When the attached child process invokes a system call, the ptracing parent process can be notified. But how exactly does that happen? I want to know the technical details behind this mechanism.
Thank you in advance.

When the attached child process invokes a system call, the ptracing parent process can be notified. But how exactly does that happen?
Parent process calls ptrace with PTRACE_ATTACH, and his child calls ptrace with PTRACE_TRACEME option. This pair will connect two processes by filling some fields inside their task_struct (kernel/ptrace.c: sys_ptrace, child will have PT_PTRACED flag in ptrace field of struct task_struct, and pid of ptracer process as parent and in ptrace_entry list - __ptrace_link; parent will record child's pid in ptraced list).
Then strace will call ptrace with PTRACE_SYSCALL flag to register itself as syscall debugger, setting thread_flag TIF_SYSCALL_TRACE in child process's struct thread_info (by something like set_tsk_thread_flag(child, TIF_SYSCALL_TRACE);). arch/x86/include/asm/thread_info.h:
67 /*
68 * thread information flags
69 * - these are process state flags that various assembly files
70 * may need to access ...*/
75 #define TIF_SYSCALL_TRACE 0 /* syscall trace active */
99 #define _TIF_SYSCALL_TRACE (1 << TIF_SYSCALL_TRACE)
On every syscall entry or exit, architecture-specific syscall entry code will check this _TIF_SYSCALL_TRACE flag (directly in assembler implementation of syscall, for example x86 arch/x86/kernel/entry_32.S: jnz syscall_trace_entry in ENTRY(system_call) and similar code in syscall_exit_work), and if it is set, ptracer will be notified with signal (SIGTRAP) and child will be temporary stopped. This is done usually in syscall_trace_enter and syscall_trace_leave :
1457 long syscall_trace_enter(struct pt_regs *regs)
1483 if ((ret || test_thread_flag(TIF_SYSCALL_TRACE)) &&
1484 tracehook_report_syscall_entry(regs))
1485 ret = -1L;
1507 void syscall_trace_leave(struct pt_regs *regs)
1531 if (step || test_thread_flag(TIF_SYSCALL_TRACE))
1532 tracehook_report_syscall_exit(regs, step);
The tracehook_report_syscall_* are actual workers here, they will call ptrace_report_syscall. include/linux/tracehook.h:
80 /**
81 * tracehook_report_syscall_entry - task is about to attempt a system call
82 * #regs: user register state of current task
83 *
84 * This will be called if %TIF_SYSCALL_TRACE has been set, when the
85 * current task has just entered the kernel for a system call.
86 * Full user register state is available here.

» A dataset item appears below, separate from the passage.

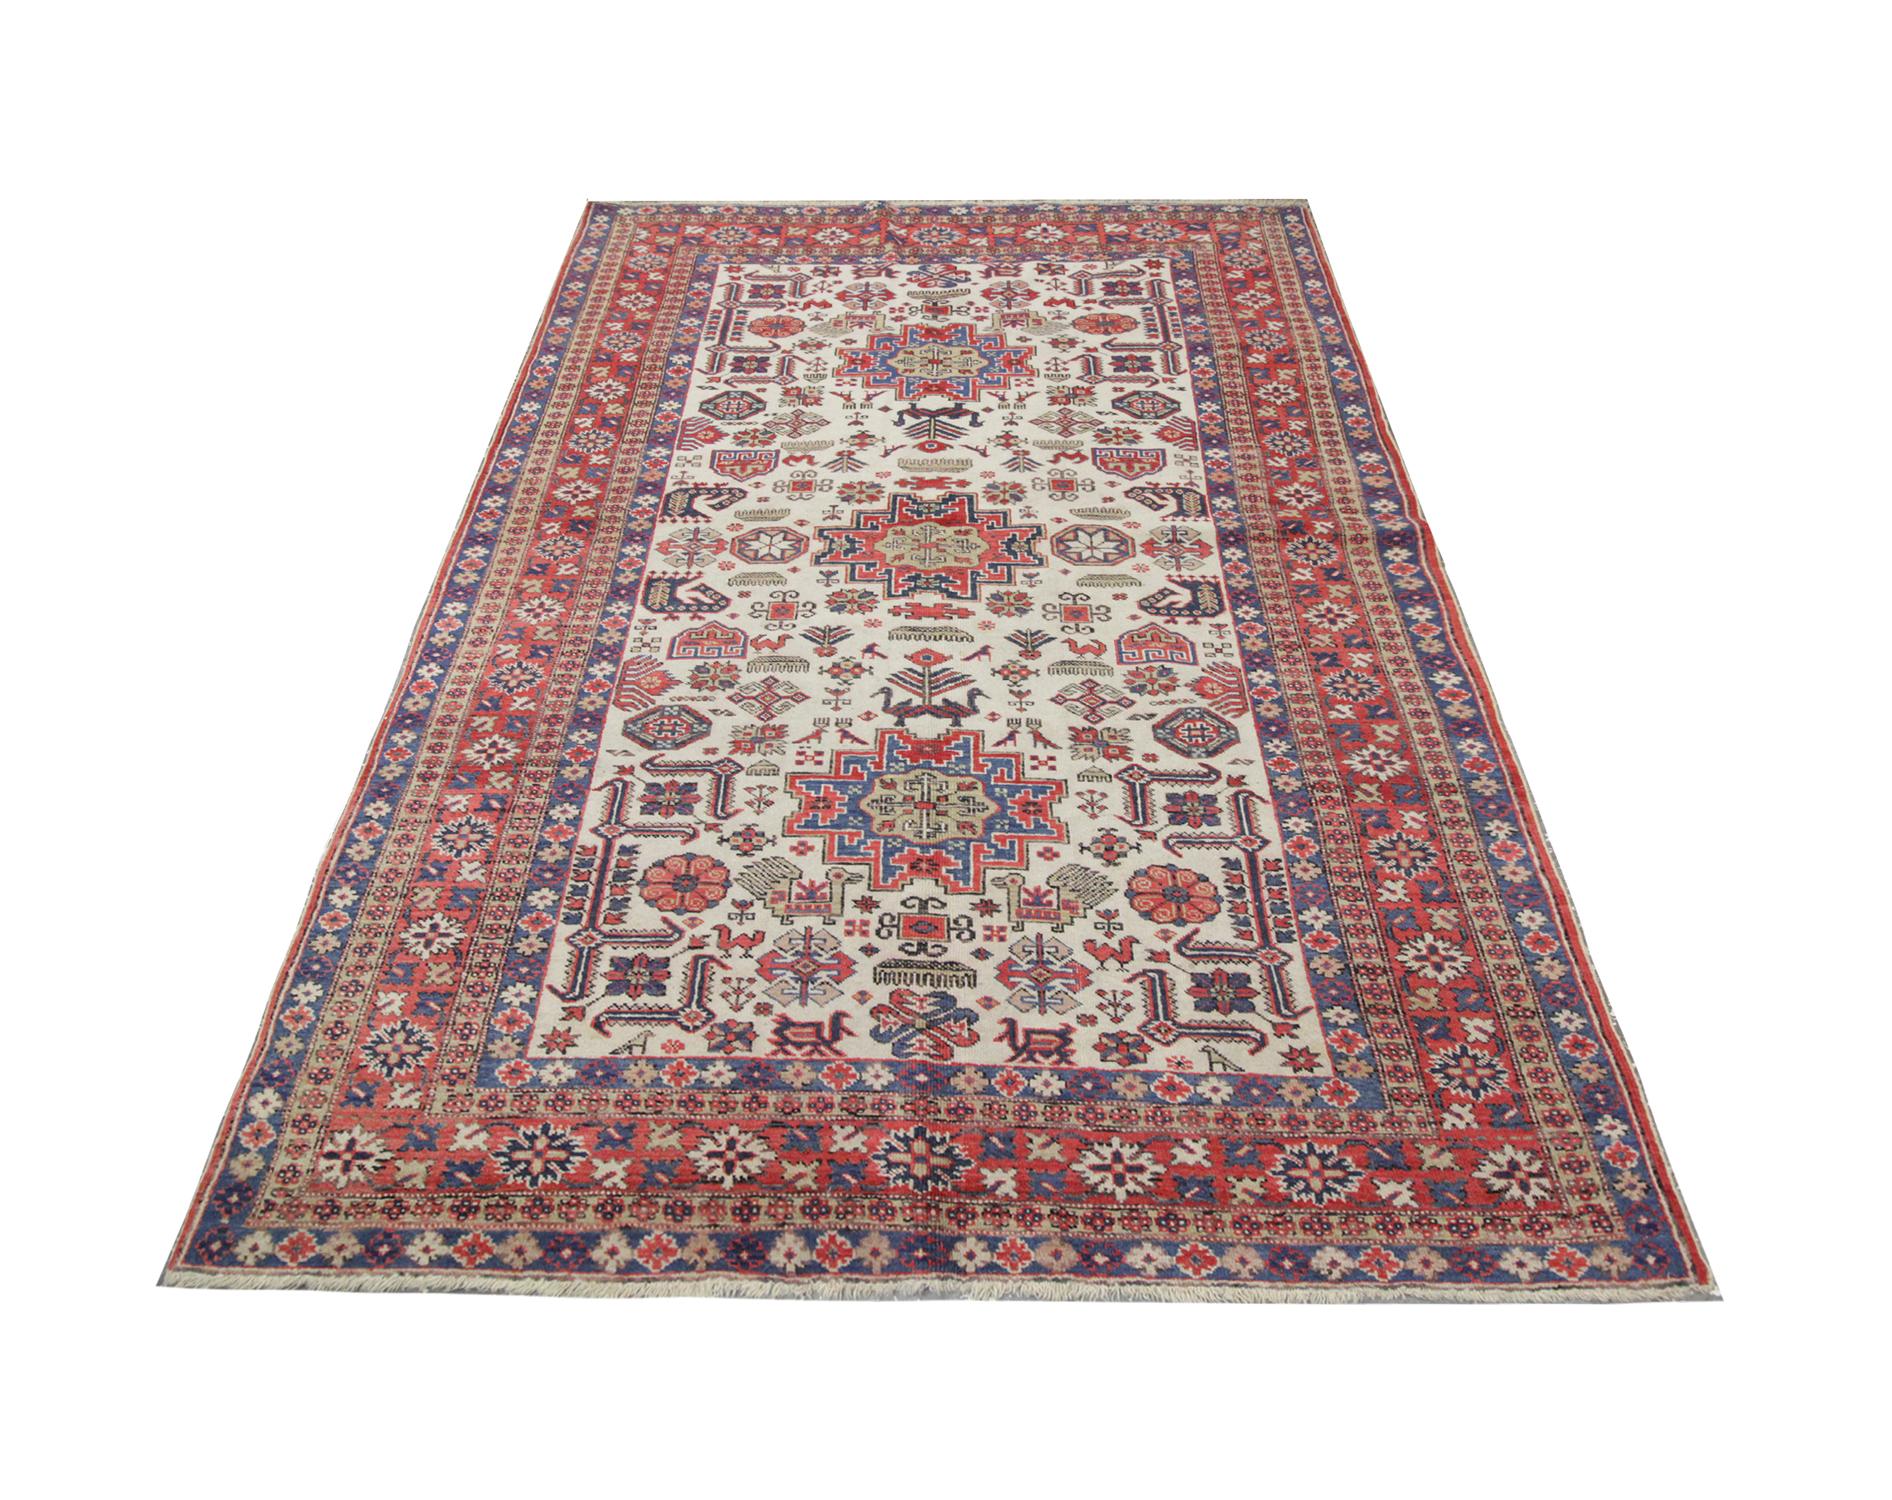 Bright colors have been used to construct this large, vintage area rug. Blues and reds have been woven intricately with a multi-layered floral and geometric border which encompasses the central design. The centre features three beautiful geometric

Changing the values
87 * in #regs can affect the system call number and arguments to be tried.
88 * It is safe to block here, preventing the system call from beginning.
89 *
90 * Returns zero normally, or nonzero if the calling arch code should abort
91 * the system call. That must prevent normal entry so no system call is
92 * made. If #task ever returns to user mode after this, its register state
93 * is unspecified, but should be something harmless like an %ENOSYS error
94 * return. It should preserve enough information so that syscall_rollback()

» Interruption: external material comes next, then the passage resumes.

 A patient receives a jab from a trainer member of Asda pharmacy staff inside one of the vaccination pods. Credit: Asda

95 * can work (see asm-generic/syscall.h).
96 *
97 * Called without locks, just after entering kernel mode.
98 */
99 static inline __must_check int tracehook_report_syscall_entry(
100 struct pt_regs *regs)
101 {
102 return ptrace_report_syscall(regs);
103 }
104
105 /**
106 * tracehook_report_syscall_exit - task has just finished a system call
107 * #regs: user register state of current task
108 * #step: nonzero if simulating single-step or block-step
109 *
110 * This will be called if %TIF_SYSCALL_TRACE has been set, when the
111 * current task has just finished an attempted system call. Full
112 * user register state is available here. It is safe to block here,
113 * preventing signals from being processed.
114 *
115 * If #step is nonzero, this report is also in lieu of the normal
116 * trap that would follow the system call instruction because
117 * user_enable_block_step() or user_enable_single_step() was used.

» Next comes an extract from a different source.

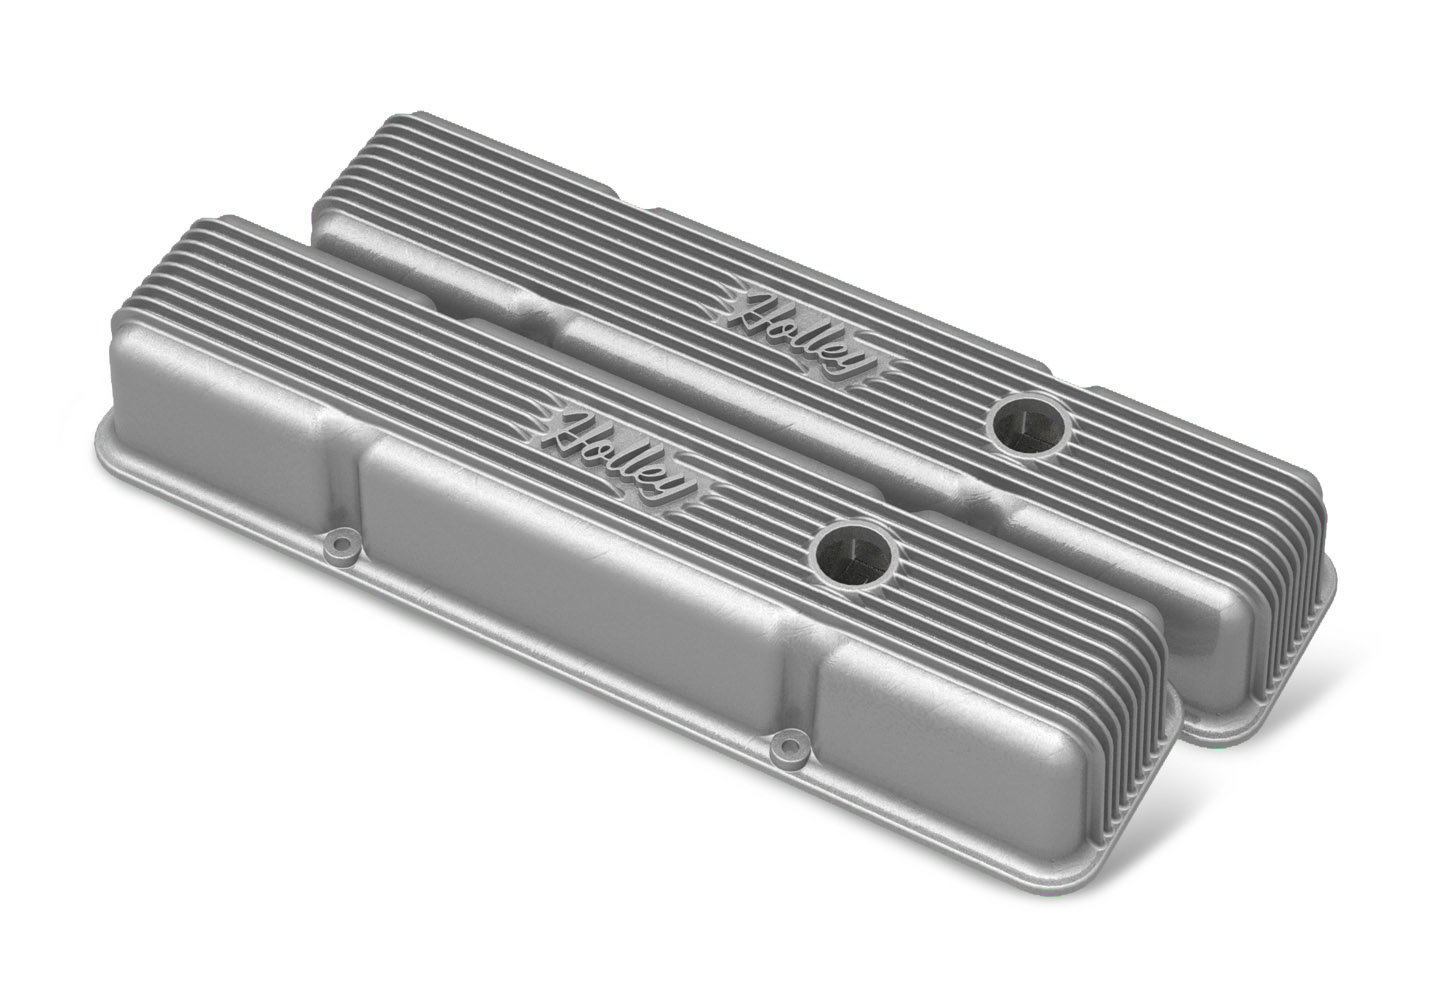 Holley Vintage Series Valve Covers for Small Block Chevy, Polished Finish

118 * In this case, %TIF_SYSCALL_TRACE might not be set.
119 *
120 * Called without locks, just before checking for pending signals.
121 */
122 static inline void tracehook_report_syscall_exit(struct pt_regs *regs, int step)
123 {
...
130
131 ptrace_report_syscall(regs);
132 }
And ptrace_report_syscall generates SIGTRAP for debugger or strace via ptrace_notify/ptrace_do_notify:
55 /*
56 * ptrace report for syscall entry and exit looks identical.
57 */
58 static inline int ptrace_report_syscall(struct pt_regs *regs)
59 {
60 int ptrace = current->ptrace;
61
62 if (!(ptrace & PT_PTRACED))
63 return 0;
64
65 ptrace_notify(SIGTRAP | ((ptrace & PT_TRACESYSGOOD) ? 0x80 : 0));
66
67 /*
68 * this isn't the same as continuing with a signal, but it will do
69 * for normal use. strace only continues with a signal if the
70 * stopping signal is not SIGTRAP. -brl
71 */
72 if (current->exit_code) {
73 send_sig(current->exit_code, current, 1);
74 current->exit_code = 0;
75 }
76
77 return fatal_signal_pending(current);
78 }
ptrace_notify is implemented in kernel/signal.c, it stops the child and pass sig_info to ptracer:
1961 static void ptrace_do_notify(int signr, int exit_code, int why)
1962 {
1963 siginfo_t info;
1964
1965 memset(&info, 0, sizeof info);
1966 info.si_signo = signr;
1967 info.si_code = exit_code;
1968 info.si_pid = task_pid_vnr(current);
1969 info.si_uid = from_kuid_munged(current_user_ns(), current_uid());
1970
1971 /* Let the debugger run. */
1972 ptrace_stop(exit_code, why, 1, &info);
1973 }
1974
1975 void ptrace_notify(int exit_code)
1976 {
1977 BUG_ON((exit_code & (0x7f | ~0xffff)) != SIGTRAP);
1978 if (unlikely(current->task_works))
1979 task_work_run();
1980
1981 spin_lock_irq(&current->sighand->siglock);
1982 ptrace_do_notify(SIGTRAP, exit_code, CLD_TRAPPED);
1983 spin_unlock_irq(&current->sighand->siglock);
1984 }
ptrace_stop is in the same signal.c file, line 1839 for 3.13.

Related

Context switching - ucontext_t and makecontext()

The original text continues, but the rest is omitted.